Mathematics Attribution Scale. Three items were developed to assess changes in those attributions targeted by the CAI program. For each item, students first were asked to imagine succeeding (or failing) at a computerbased mathematics activity. Then they were asked to rate the likelihood, on a 5-point scale, that (a) effort was responsible for success, (b) ability was responsible for success, and (c) lack of effort was responsible for failure. These three items were administered as a pre- and posttest measure. Persistence Measures. Two measures of persistence were used. First, as described above, students graphed the number of program levels they completed. The second measure was discretionary time for either continued multiplication practice or computer game play.

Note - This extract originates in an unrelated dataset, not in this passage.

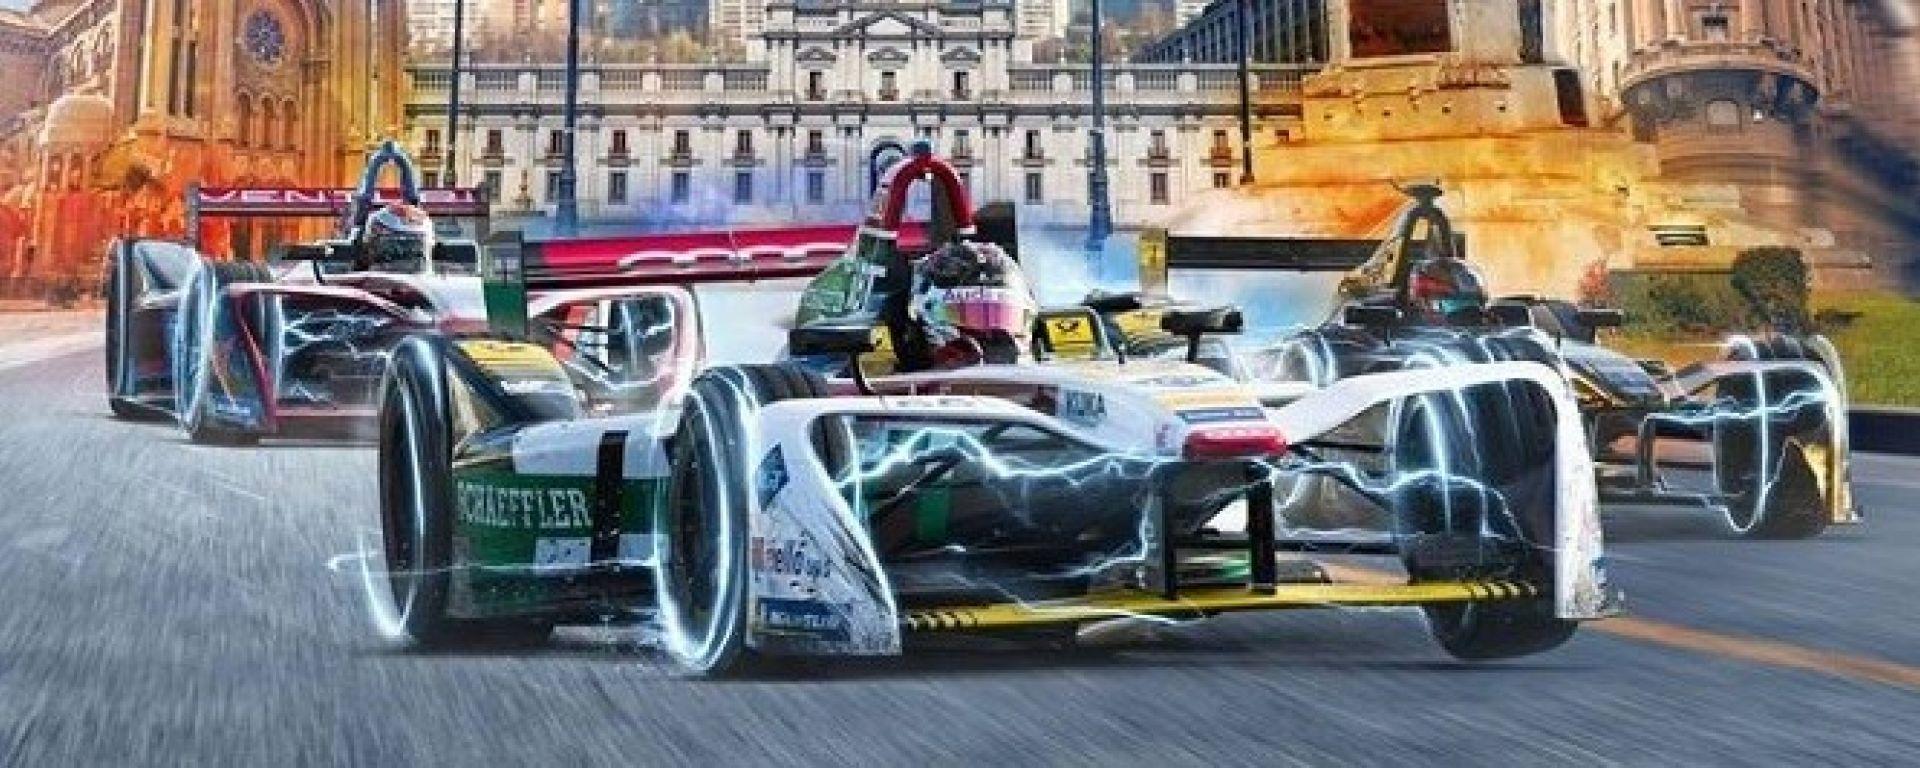 Le dichiarazioni di DS Racing prima dell'ePrix del Cile

During six sessions of the study, students were given the option of playing a computer game after completing 20 minutes of computer-based multiplication practice. The total number of minutes that each student used the game program was recorded. Computation Test. A multiplication computation test was developed as a pre- and posttest measure of skill attainment. It contained four sets of problems identical to those encountered in the CAI program. Students were directed to complete each problem set as quickly and accurately as possible and were timed. The number of digits they correctly computed per minute was counted and averaged across the four problem sets.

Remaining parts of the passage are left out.